Using the data below, return the stretch from the line that contains "OEM kawaii and" through the line that contains "Top of the Montecarlo", both included, exactly as it stands and nothing beyond it.

Provided entries

-- -- --

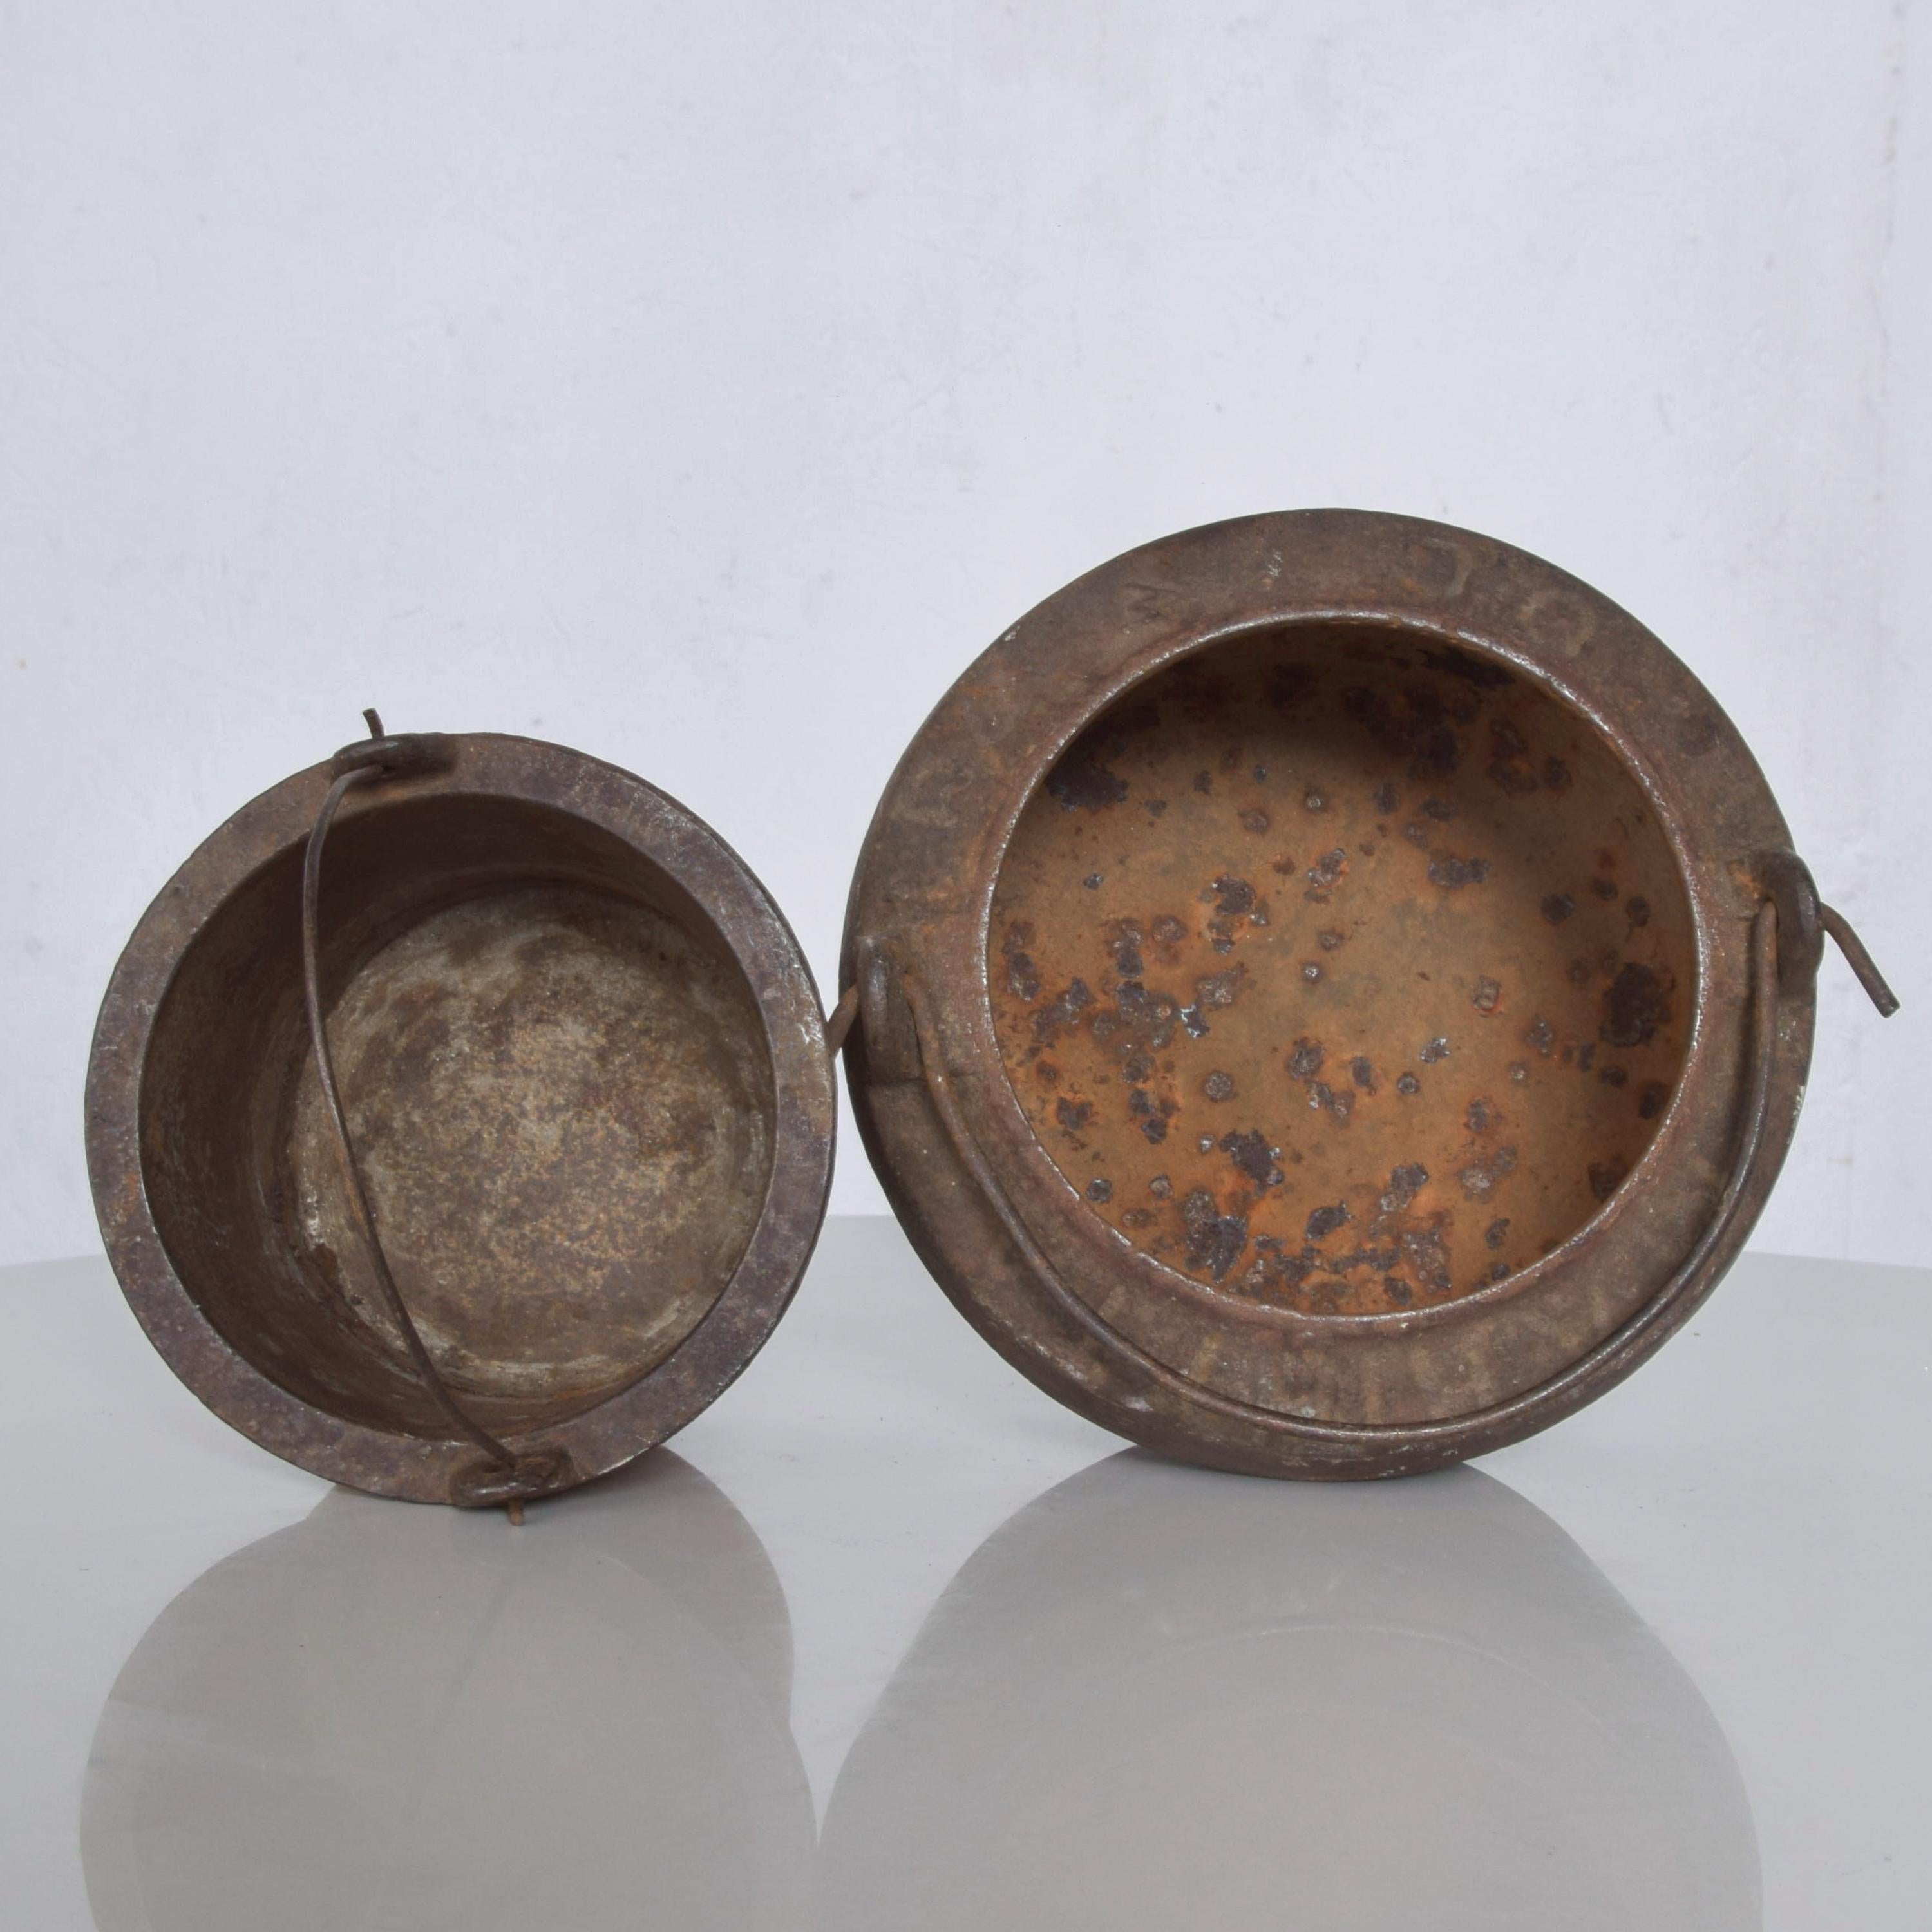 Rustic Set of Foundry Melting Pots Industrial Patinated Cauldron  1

-- -- --

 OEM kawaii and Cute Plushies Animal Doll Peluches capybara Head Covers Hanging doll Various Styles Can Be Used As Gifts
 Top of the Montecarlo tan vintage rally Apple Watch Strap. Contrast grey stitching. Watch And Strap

-- -- --

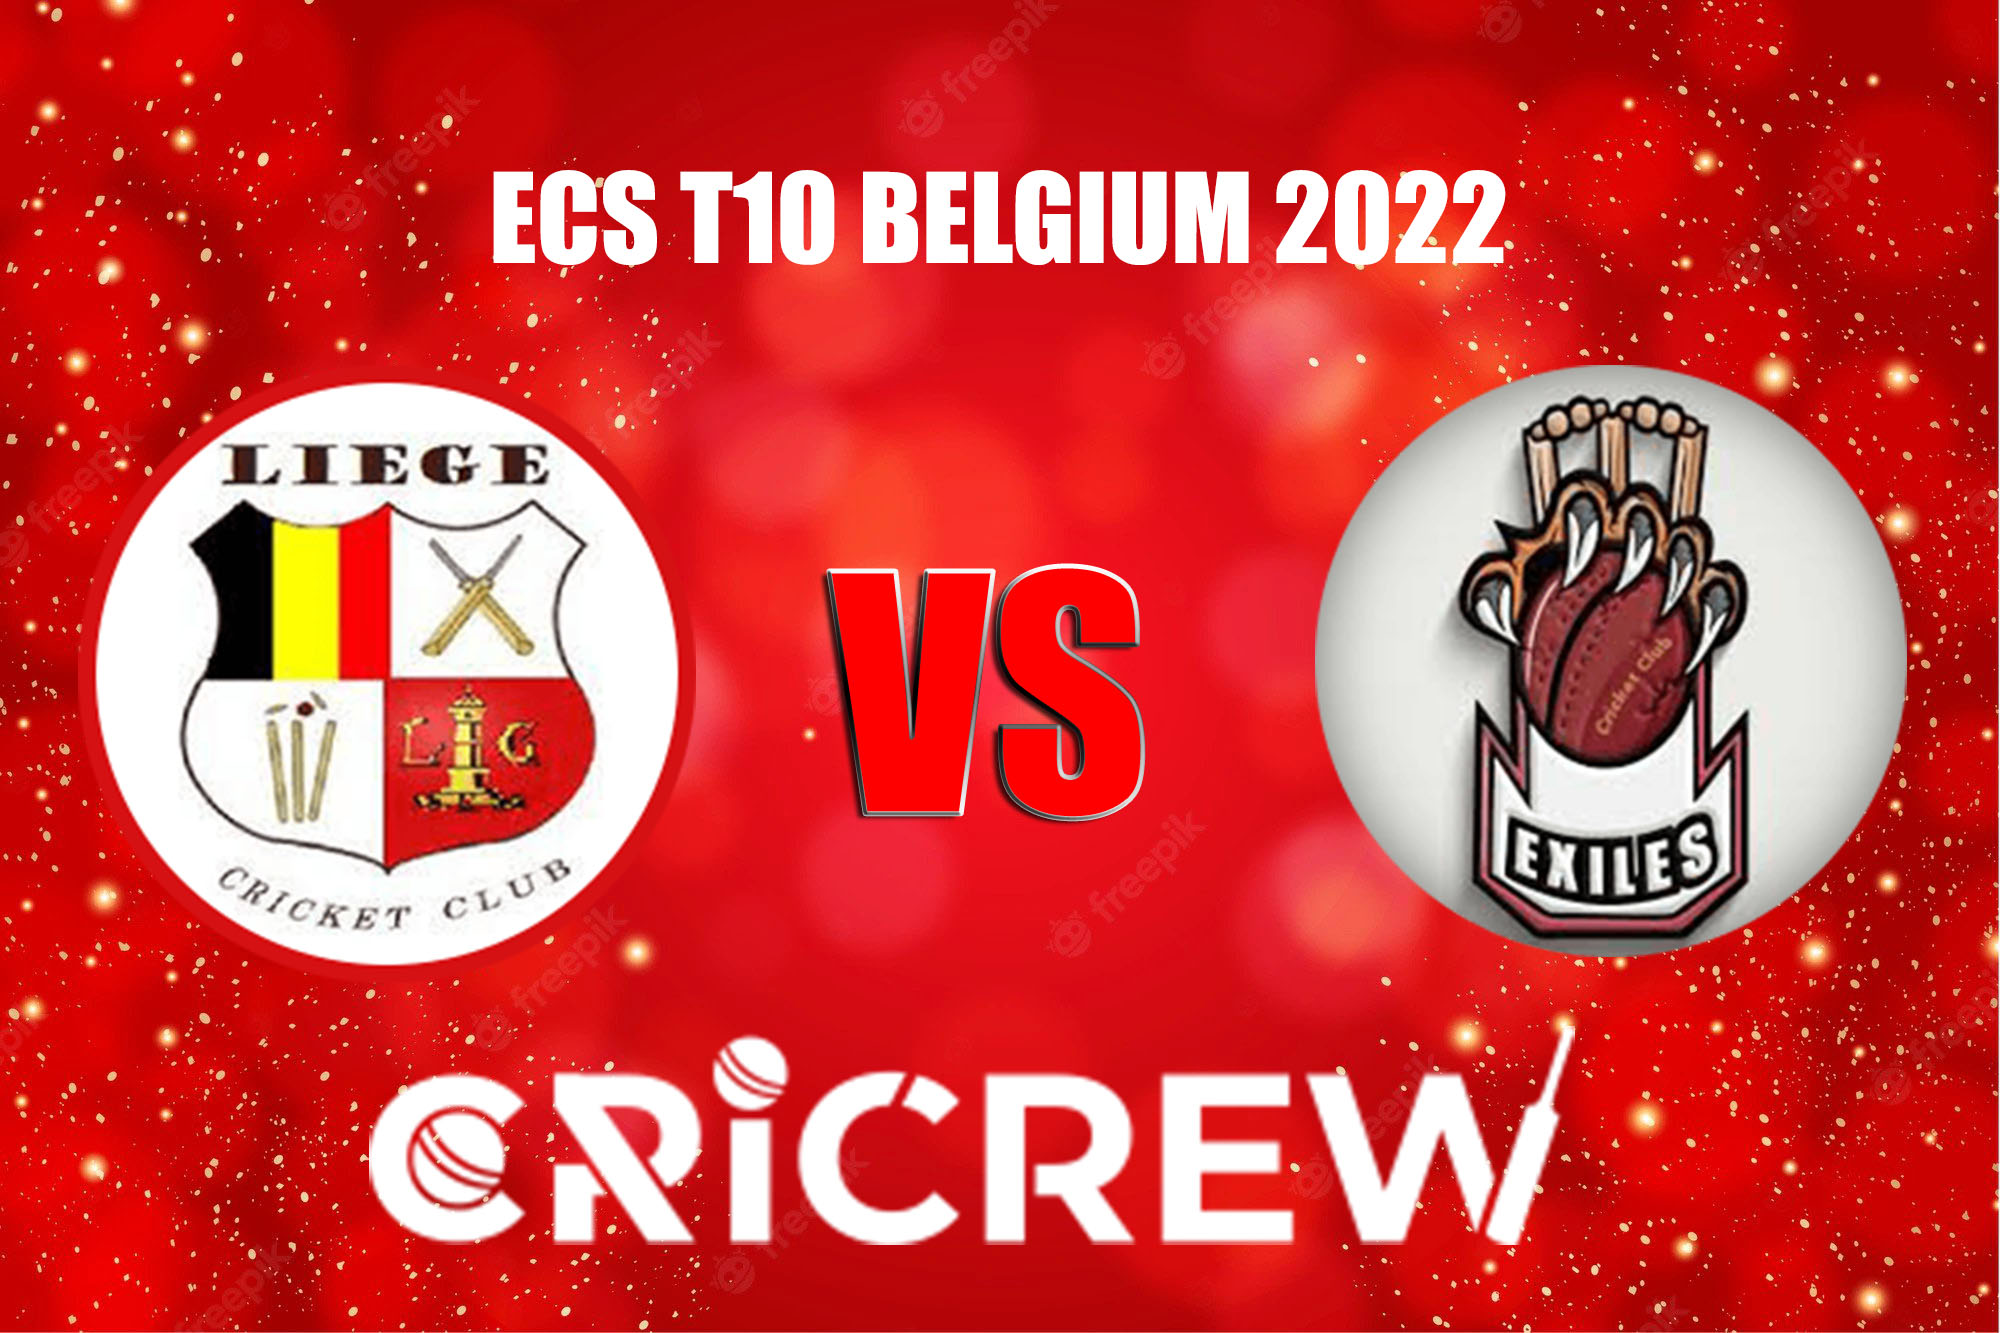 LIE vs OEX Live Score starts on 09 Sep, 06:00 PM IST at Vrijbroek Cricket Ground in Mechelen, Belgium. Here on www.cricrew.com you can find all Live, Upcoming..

-- -- --

Response to this exercise
 OEM kawaii and Cute Plushies Animal Doll Peluches capybara Head Covers Hanging doll Various Styles Can Be Used As Gifts
 Top of the Montecarlo tan vintage rally Apple Watch Strap. Contrast grey stitching. Watch And Strap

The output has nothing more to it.